- [EXERCISE DATA]
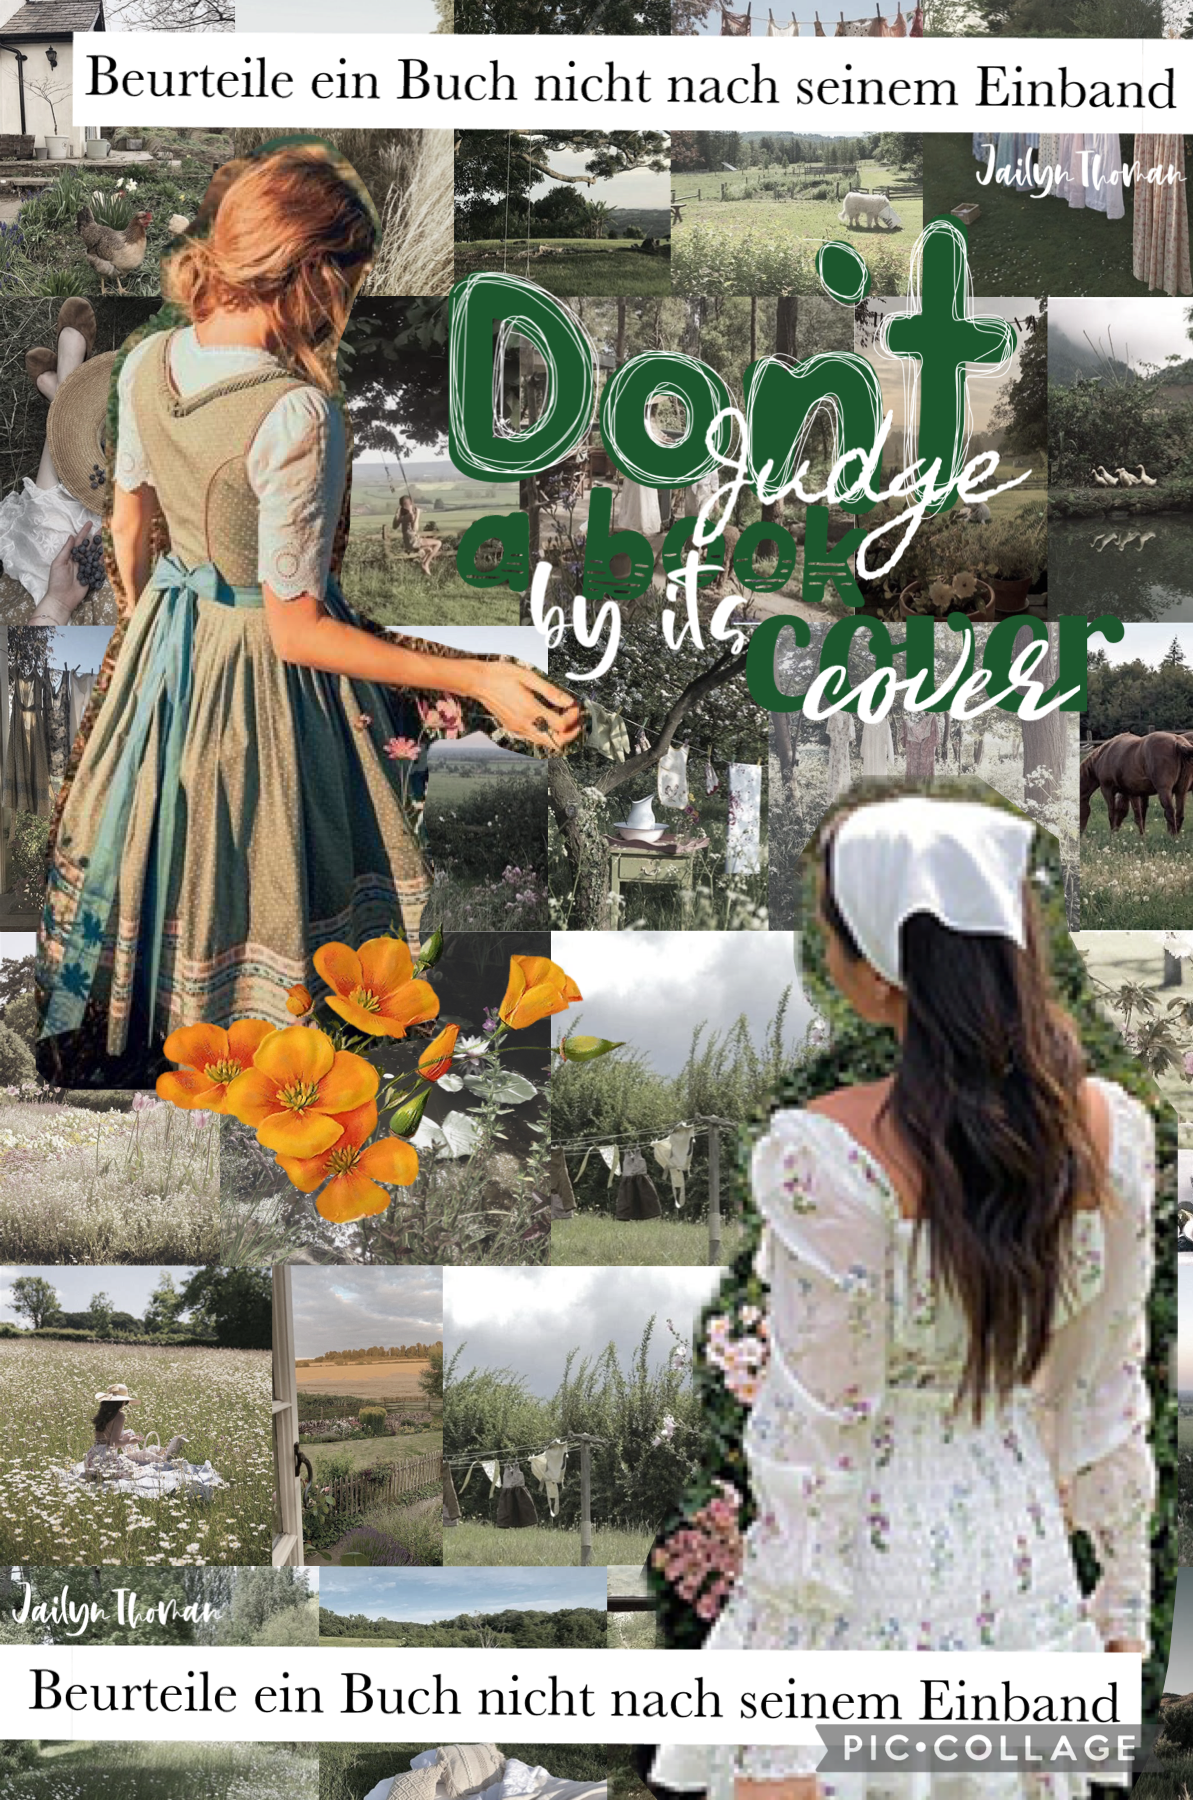 ✨TAP✨
I was going to make this an Amish collage but I couldn’t find any Amish tumblr’s. I am learning German so that is why I put German in this collage! Just remember god loves you all! (6/1/21)
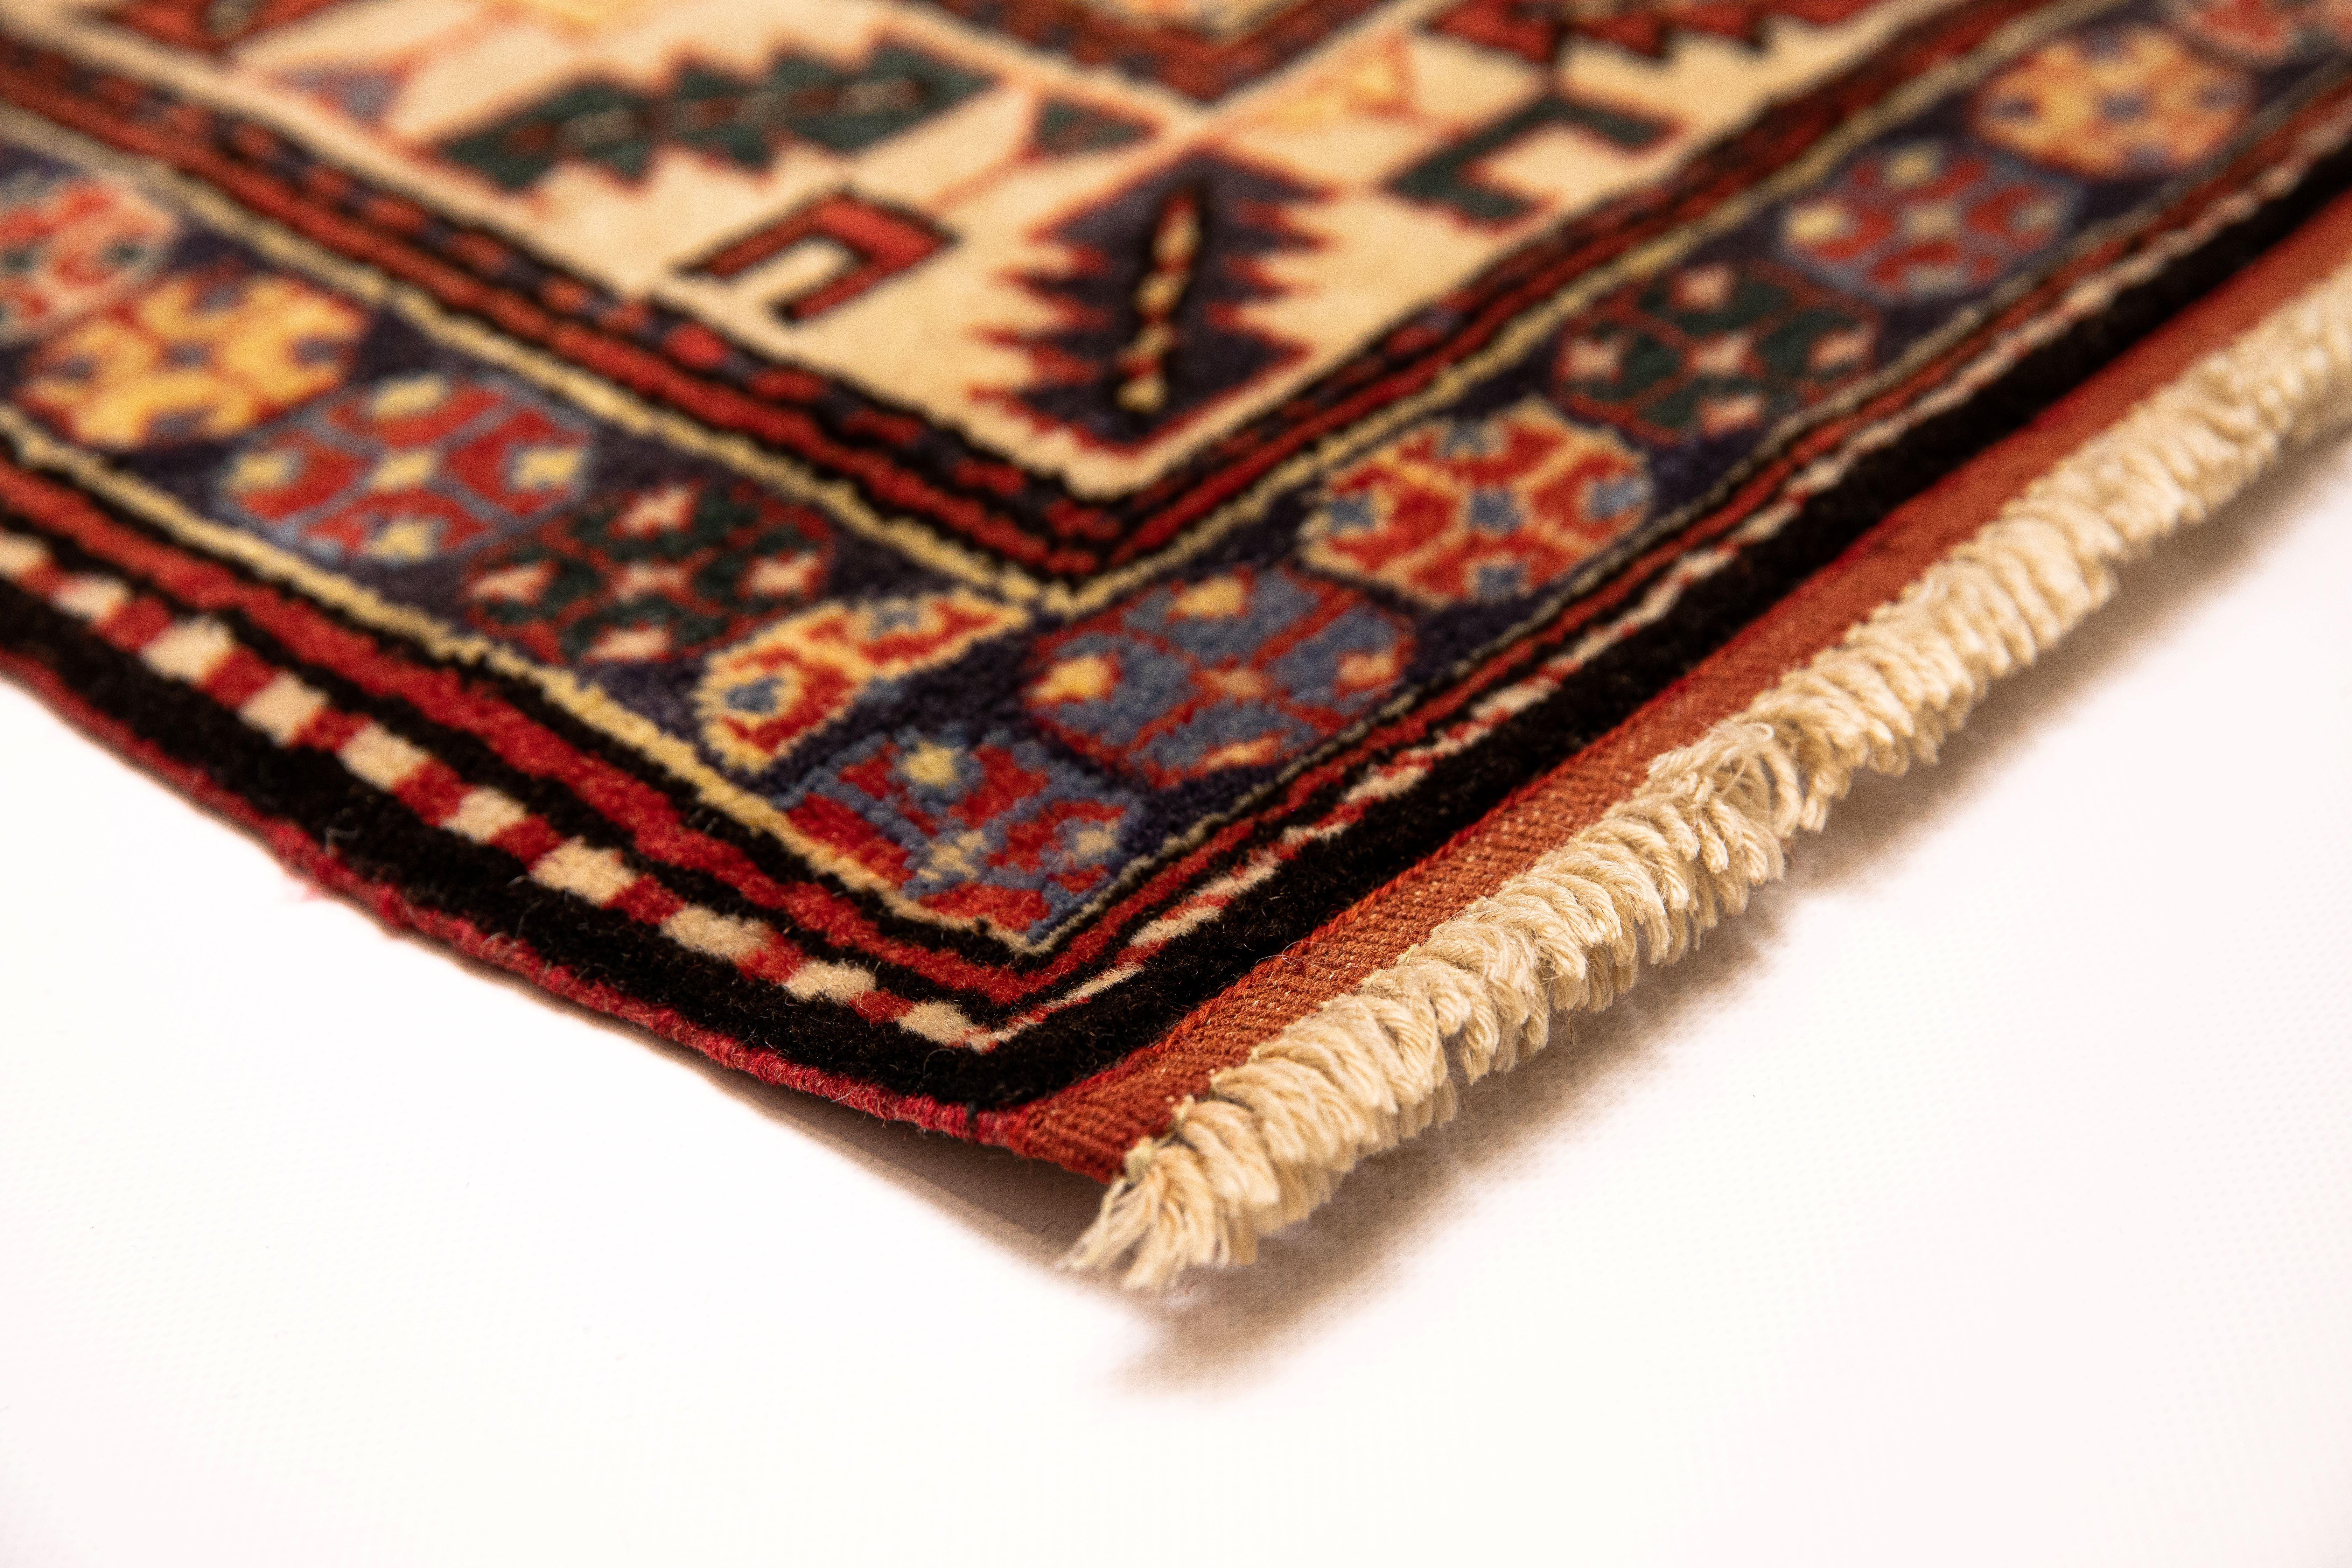 This is an exceptional rug, brand new, and made under special circumstances. Let us tell you briefly the back story.
Modern day Azerbaijan with its many mountains and valleys, as in past centuries is a mosaic of different tribal peoples, isolated

- [TRY IT]
The preceding listing is to be restated word for word, with every picture omitted.

- [RESPONSE TO THIS TASK]
 ✨TAP✨
I was going to make this an Amish collage but I couldn’t find any Amish tumblr’s. I am learning German so that is why I put German in this collage! Just remember god loves you all! (6/1/21)
 This is an exceptional rug, brand new, and made under special circumstances. Let us tell you briefly the back story.
Modern day Azerbaijan with its many mountains and valleys, as in past centuries is a mosaic of different tribal peoples, isolated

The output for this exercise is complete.